**WHAT YOU HAVE TO DO**
Starting with the line with "Coats & Toys" in the entries below and going on through the line with "Introducing the Raptic", output every line exactly and nothing more. No pictures.

**MATERIAL FOR THIS EXERCISE**
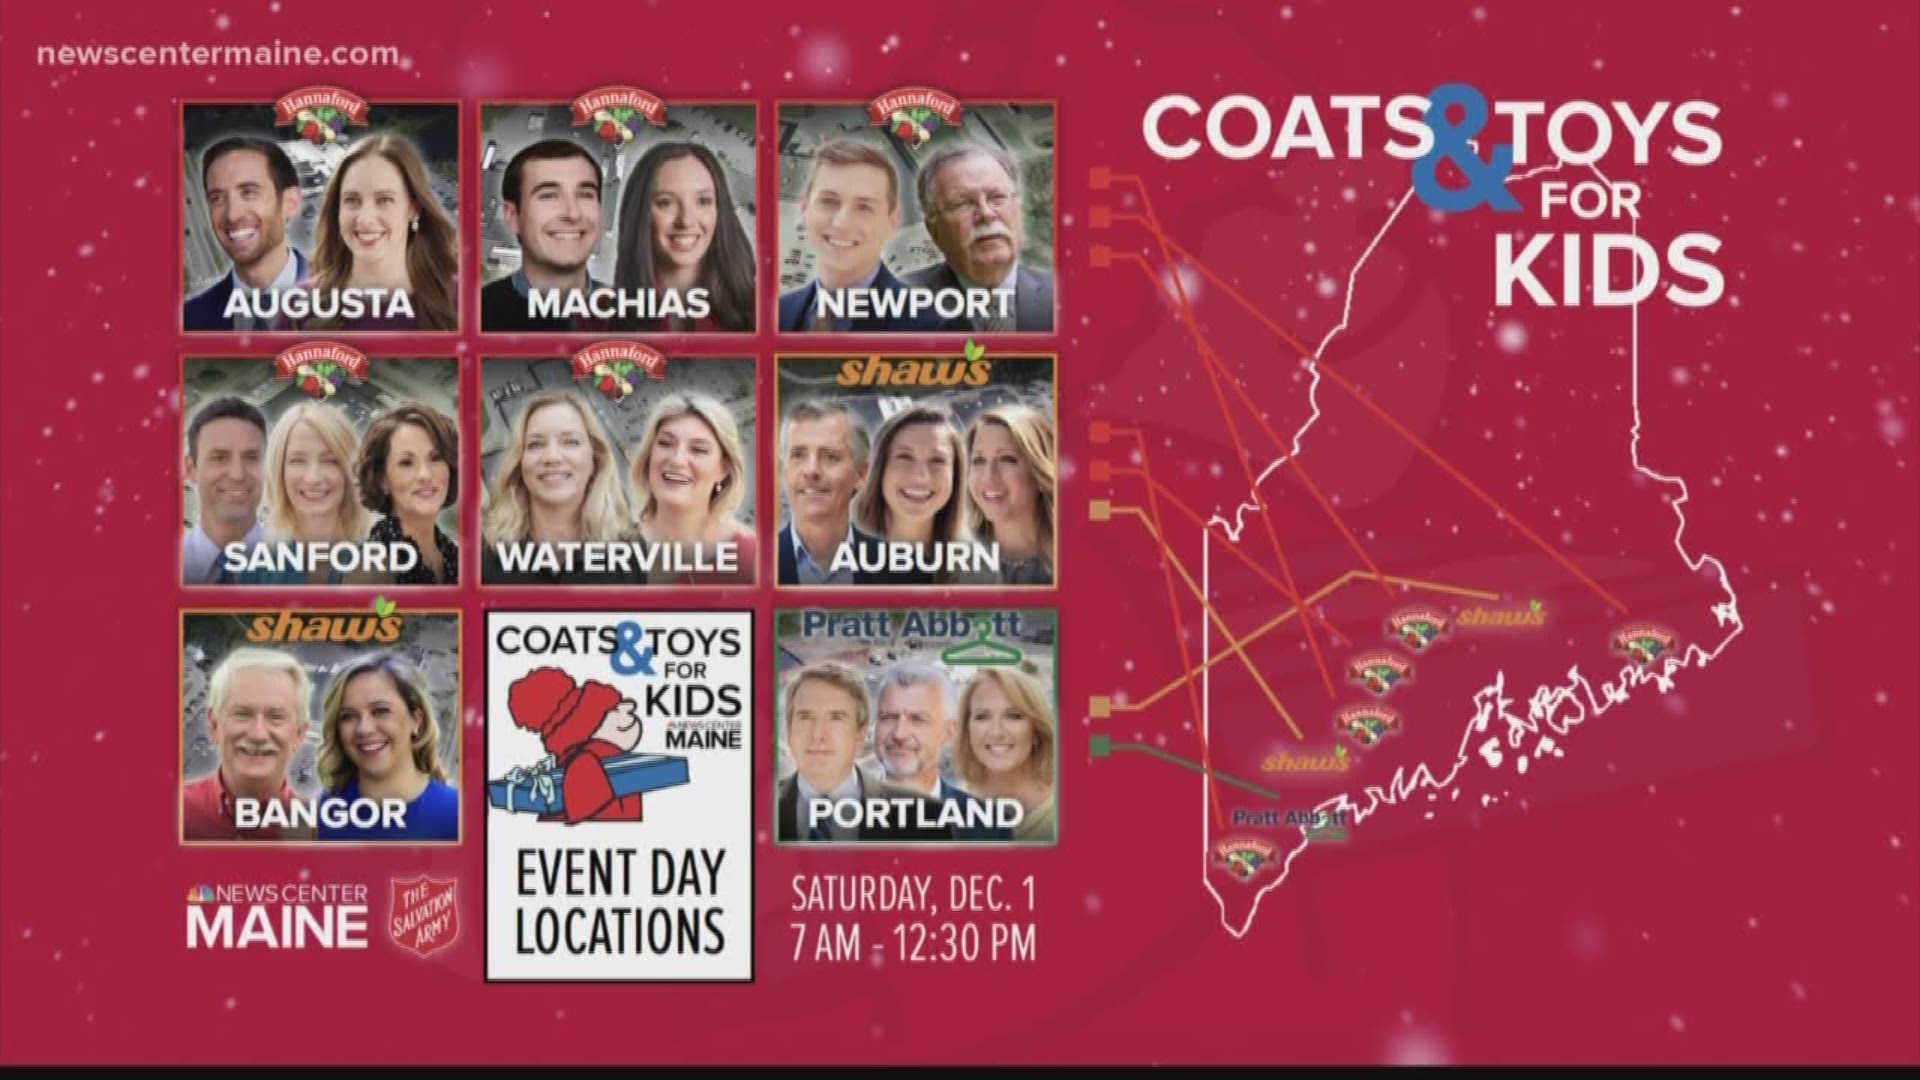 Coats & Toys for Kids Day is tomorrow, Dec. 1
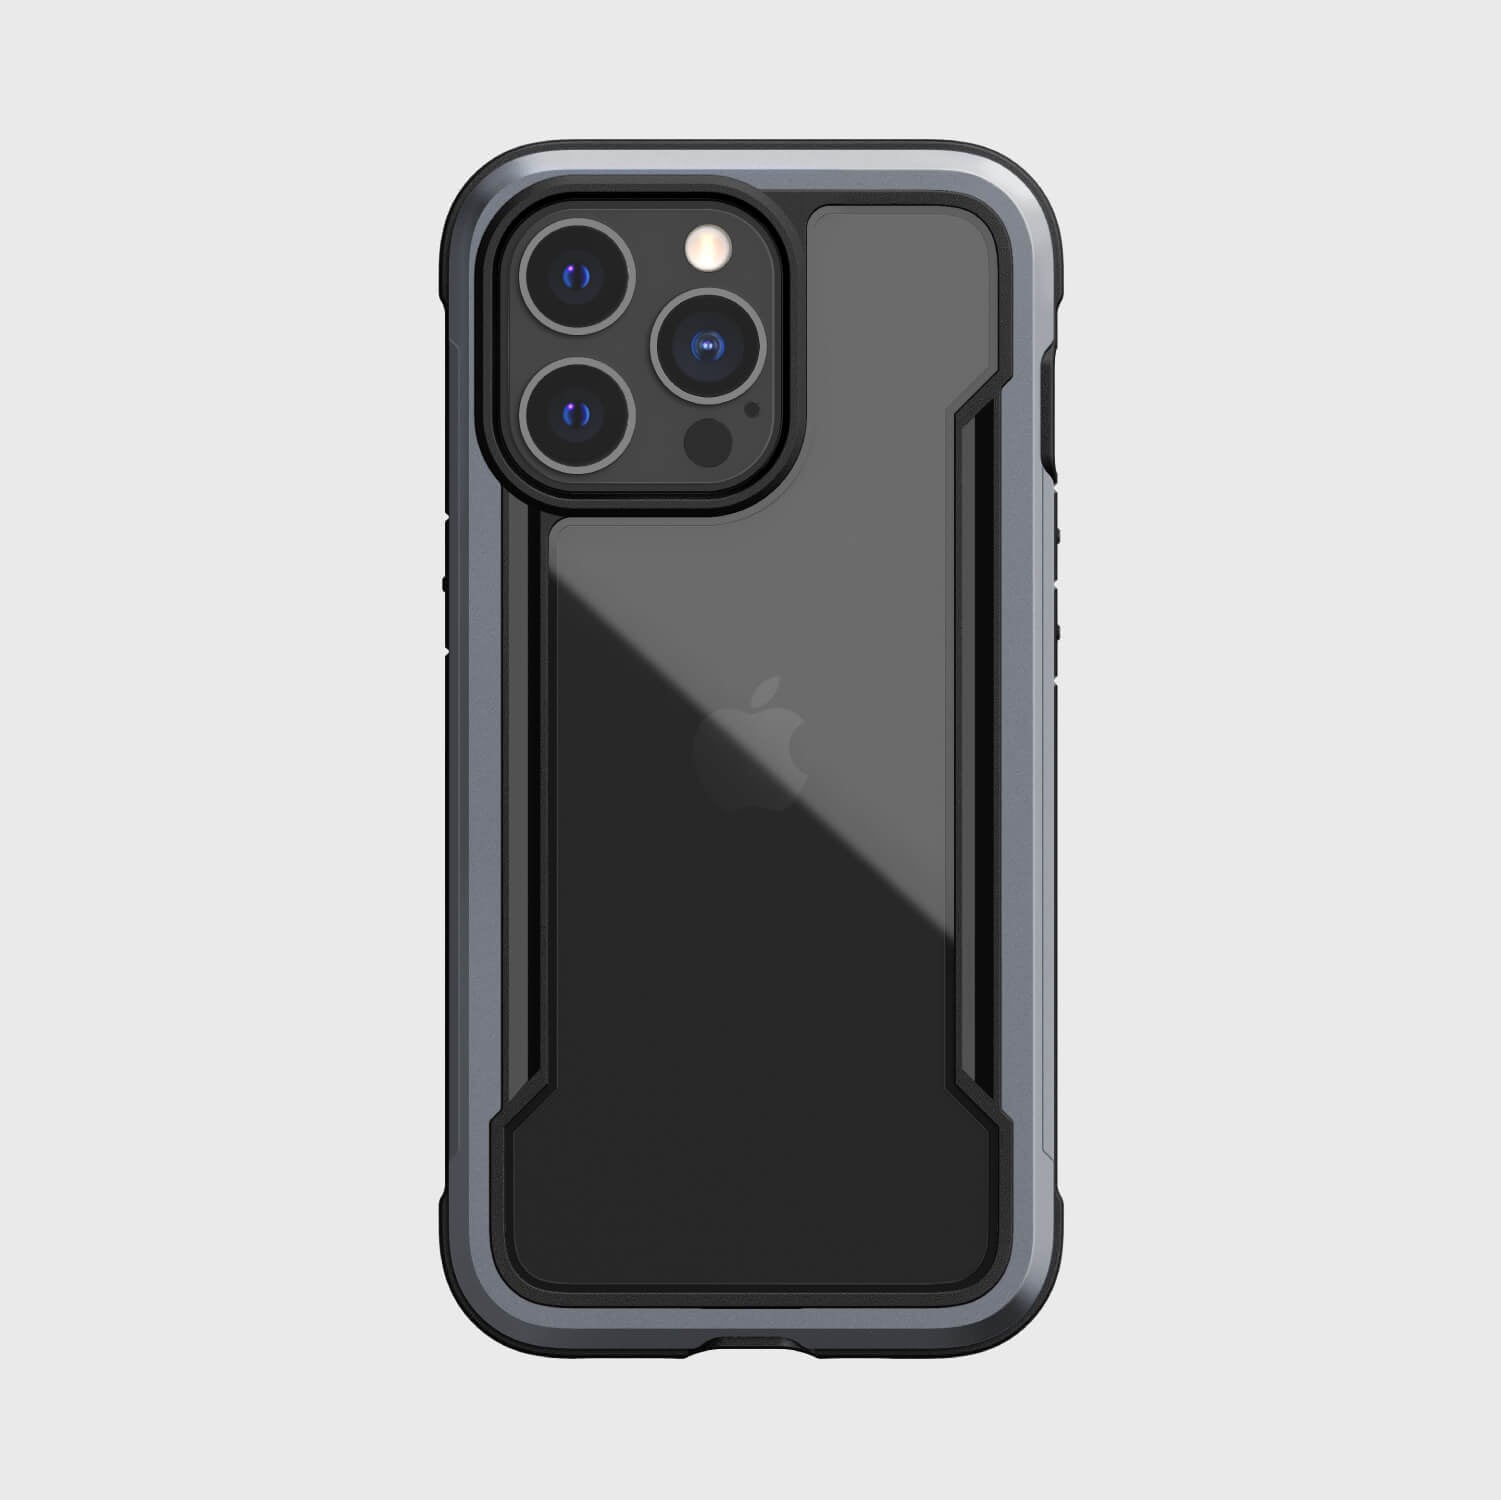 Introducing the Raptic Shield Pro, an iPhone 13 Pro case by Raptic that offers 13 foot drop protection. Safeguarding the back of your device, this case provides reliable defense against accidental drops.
--
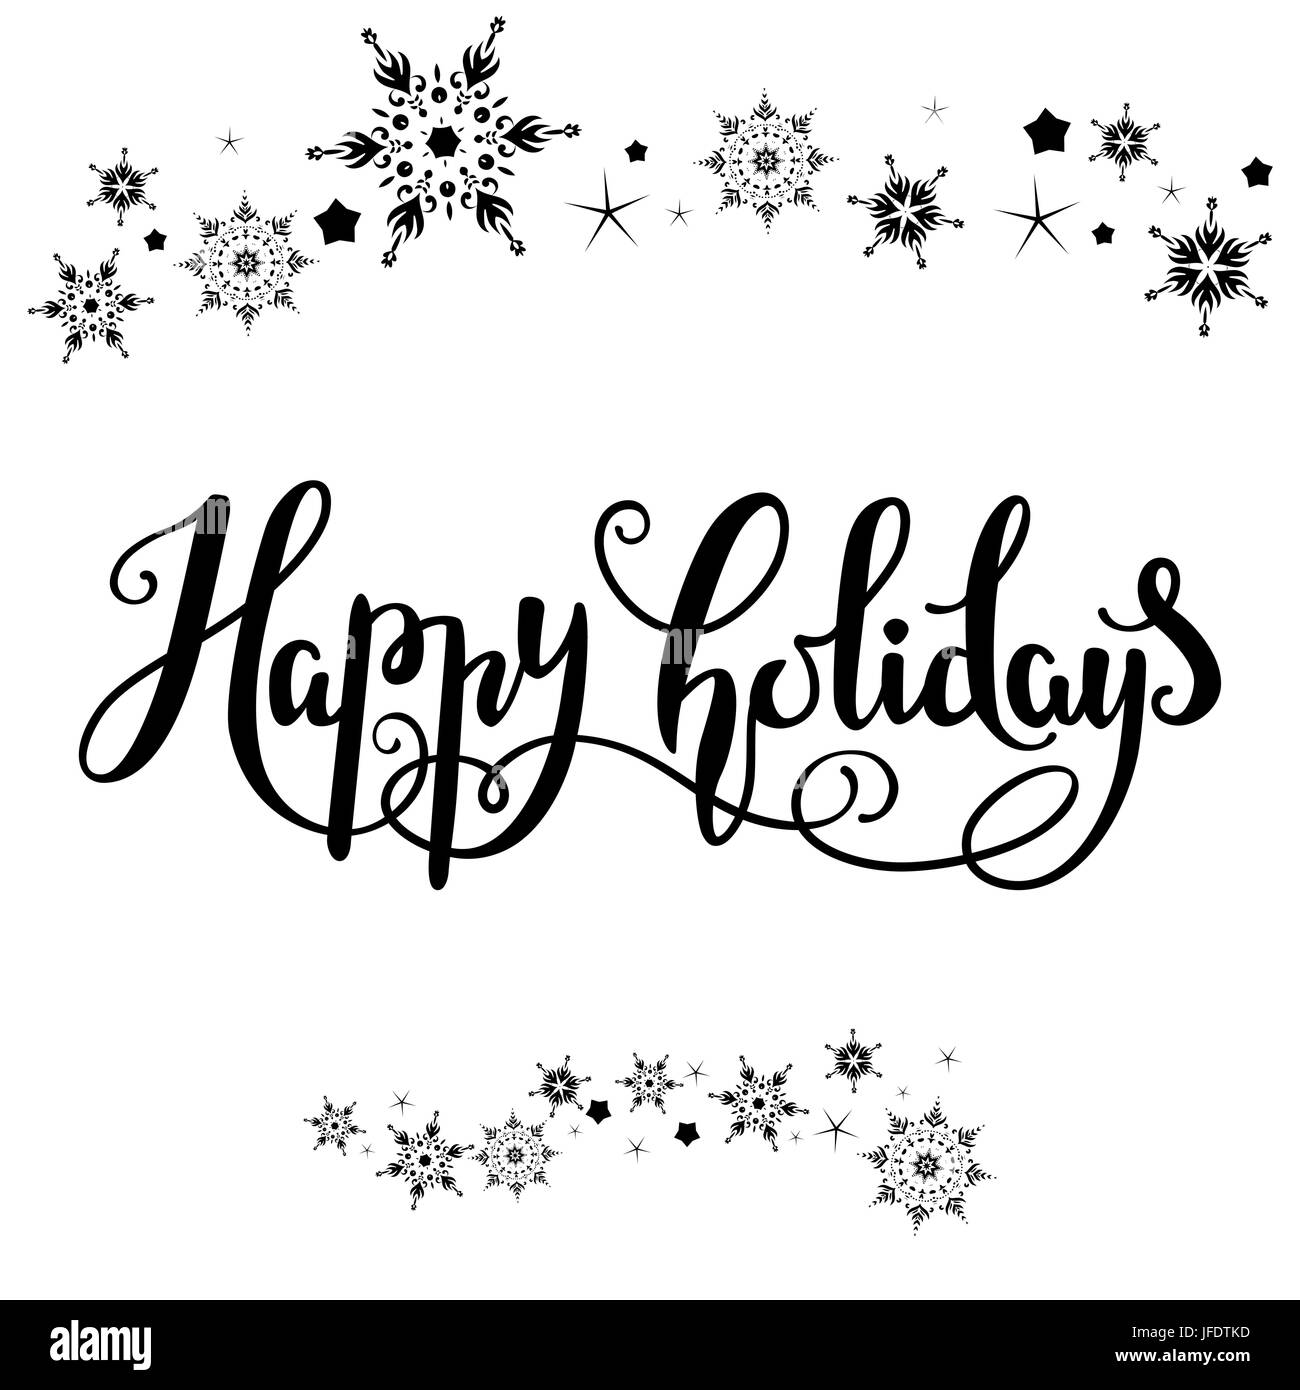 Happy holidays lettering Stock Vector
* * *
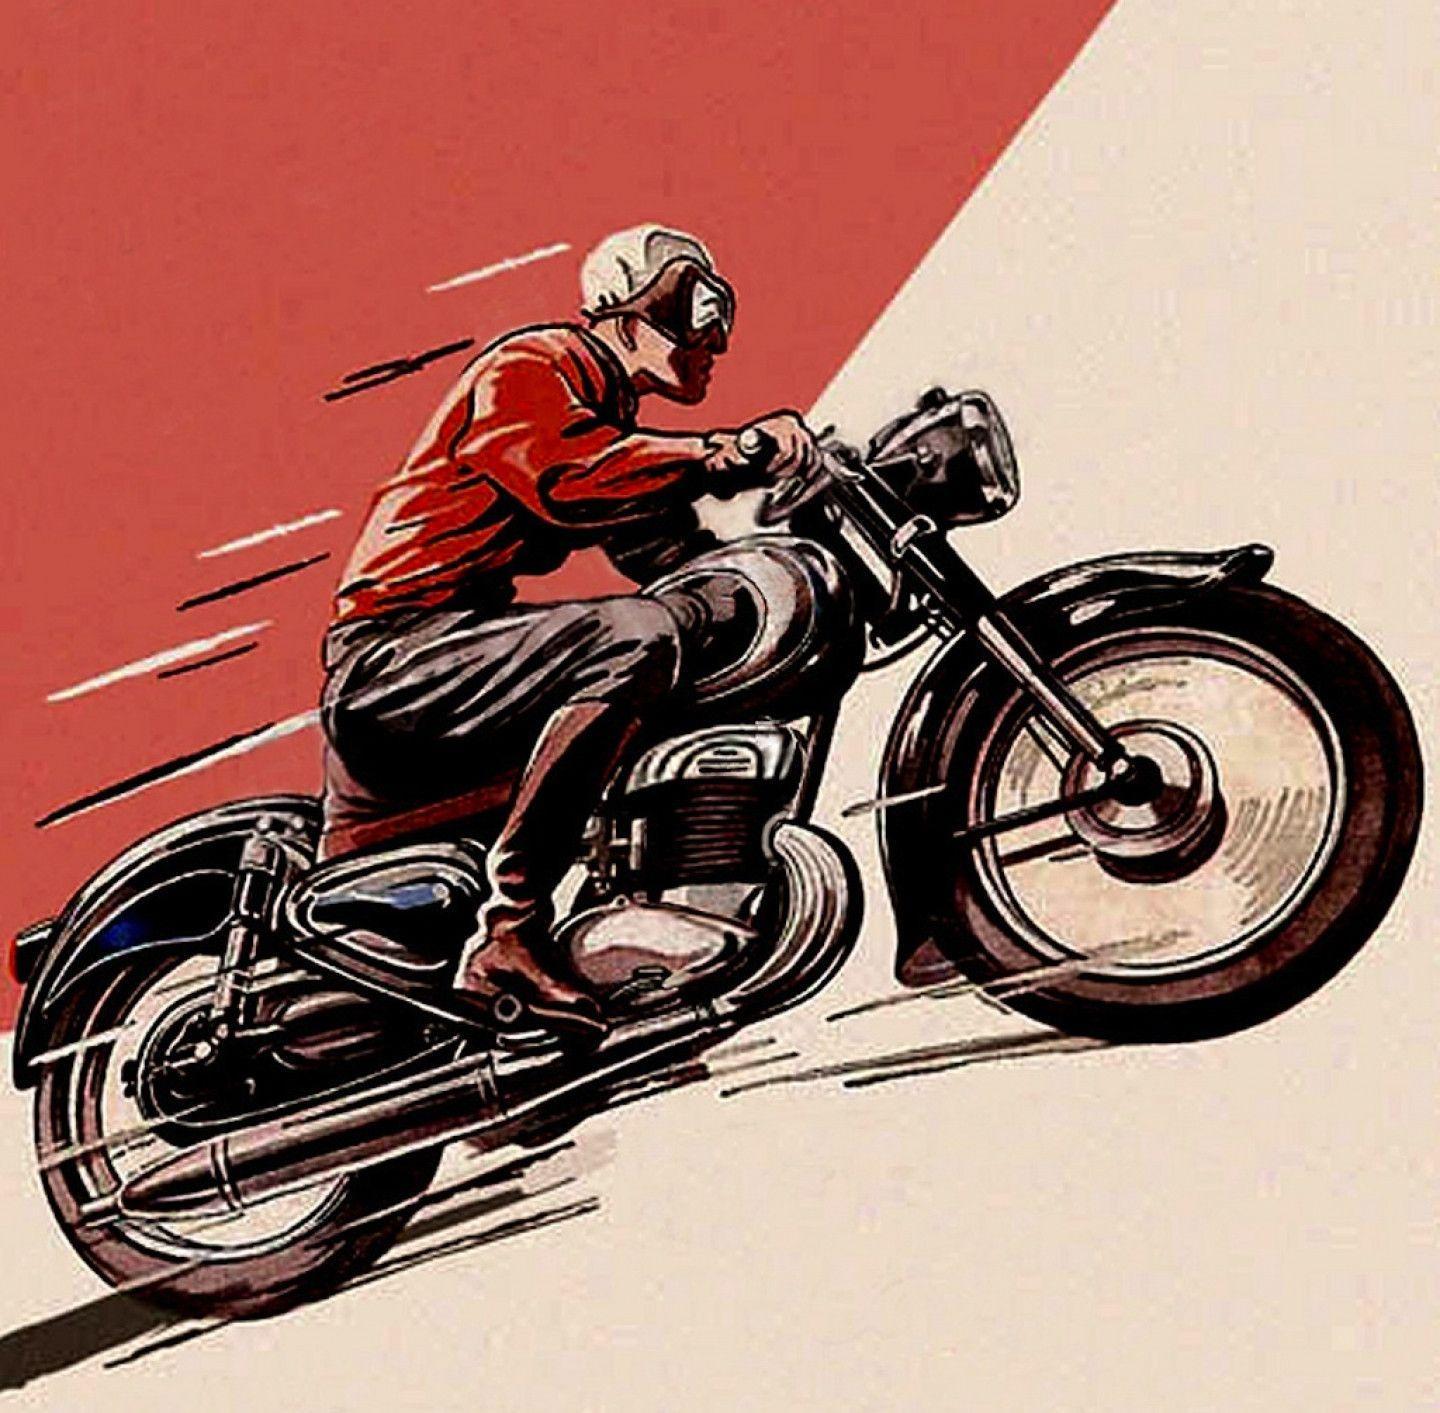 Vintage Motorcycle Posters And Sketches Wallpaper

**EXERCISE SOLUTION**
 Coats & Toys for Kids Day is tomorrow, Dec. 1
 Introducing the Raptic Shield Pro, an iPhone 13 Pro case by Raptic that offers 13 foot drop protection. Safeguarding the back of your device, this case provides reliable defense against accidental drops.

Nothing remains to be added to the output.